Problem statement: Only the lines of the data below from the one with "Fernreisen nach Thailand background image" through the one with "Dermatologia allergologica nel" are wanted. Repeat them exactly.
Segment Start: The data
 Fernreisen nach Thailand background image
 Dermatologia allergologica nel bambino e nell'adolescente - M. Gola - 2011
Segment End: The data
Segment Start: The data
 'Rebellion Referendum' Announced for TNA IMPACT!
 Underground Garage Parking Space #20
Segment End: The data
Segment Start: The data
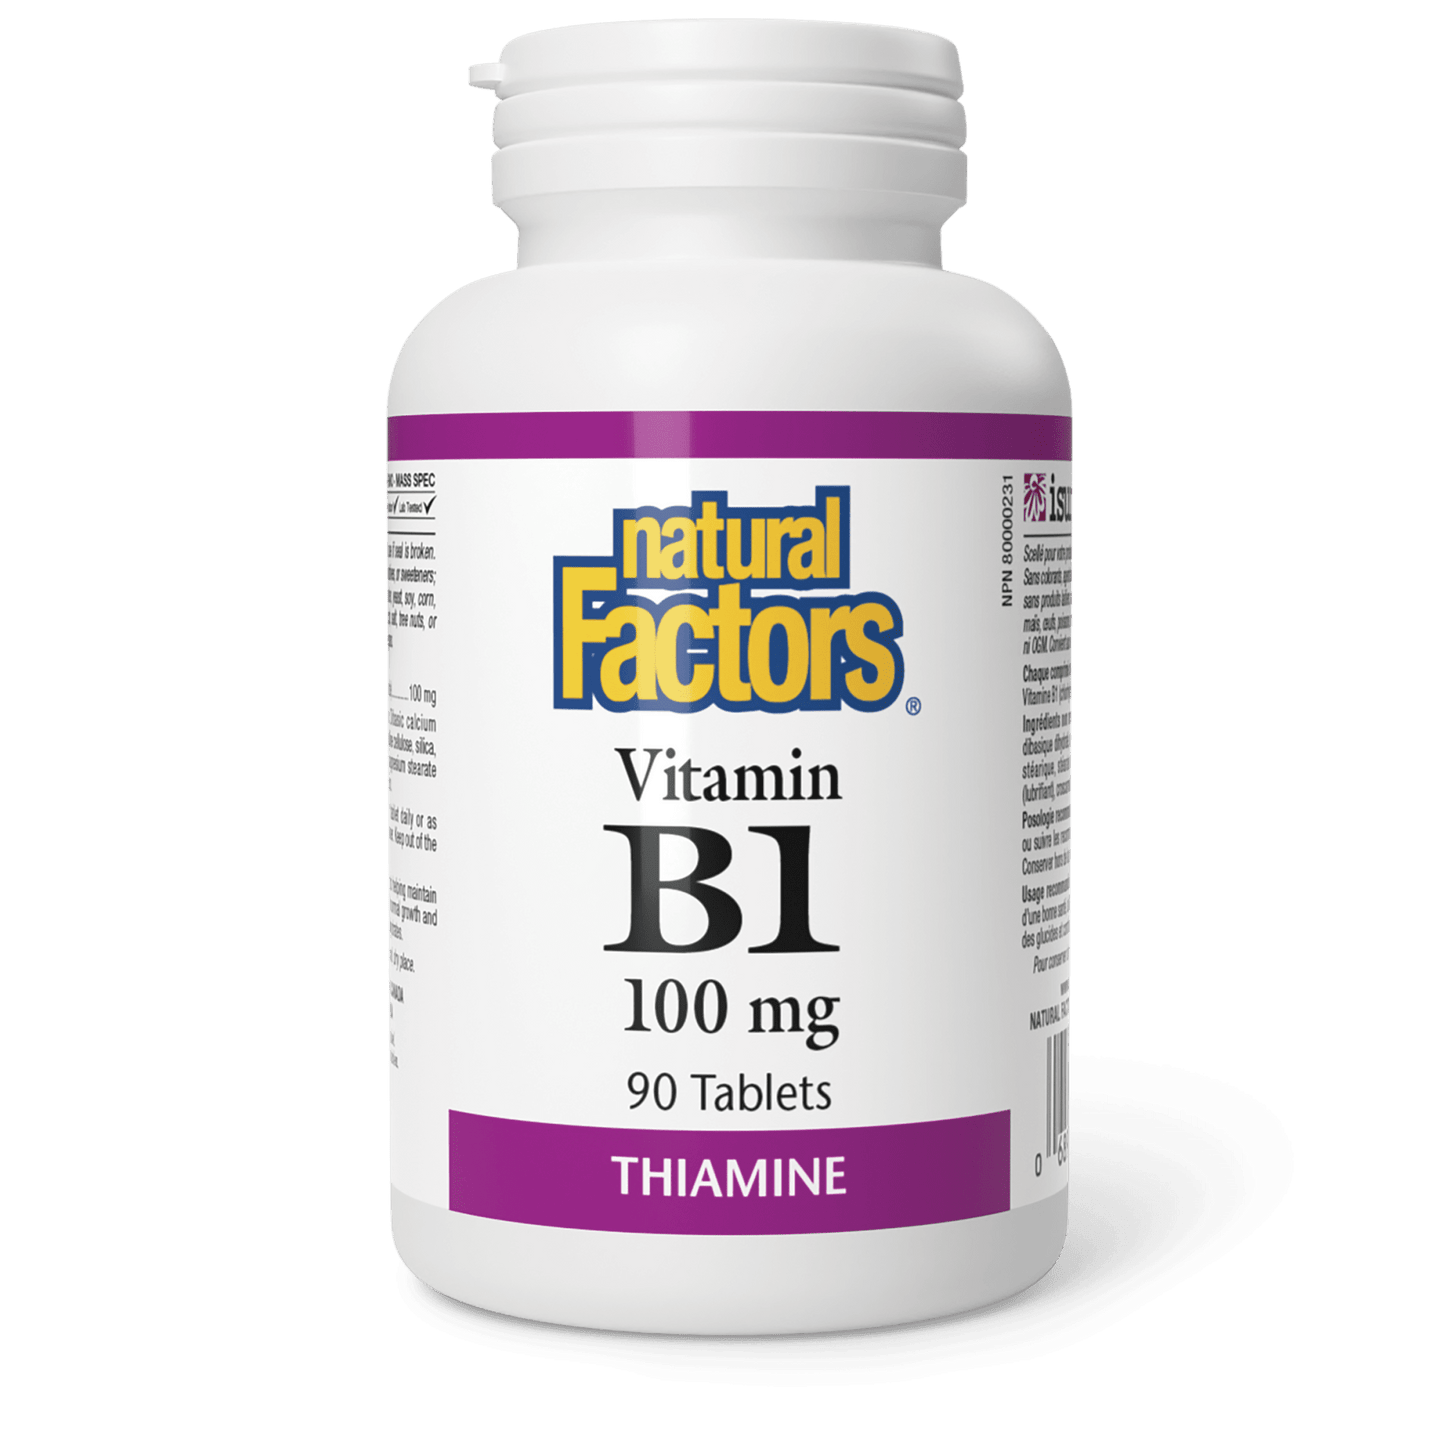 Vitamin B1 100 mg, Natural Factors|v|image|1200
Segment End: The data
Written answer:
 Fernreisen nach Thailand background image
 Dermatologia allergologica nel bambino e nell'adolescente - M. Gola - 2011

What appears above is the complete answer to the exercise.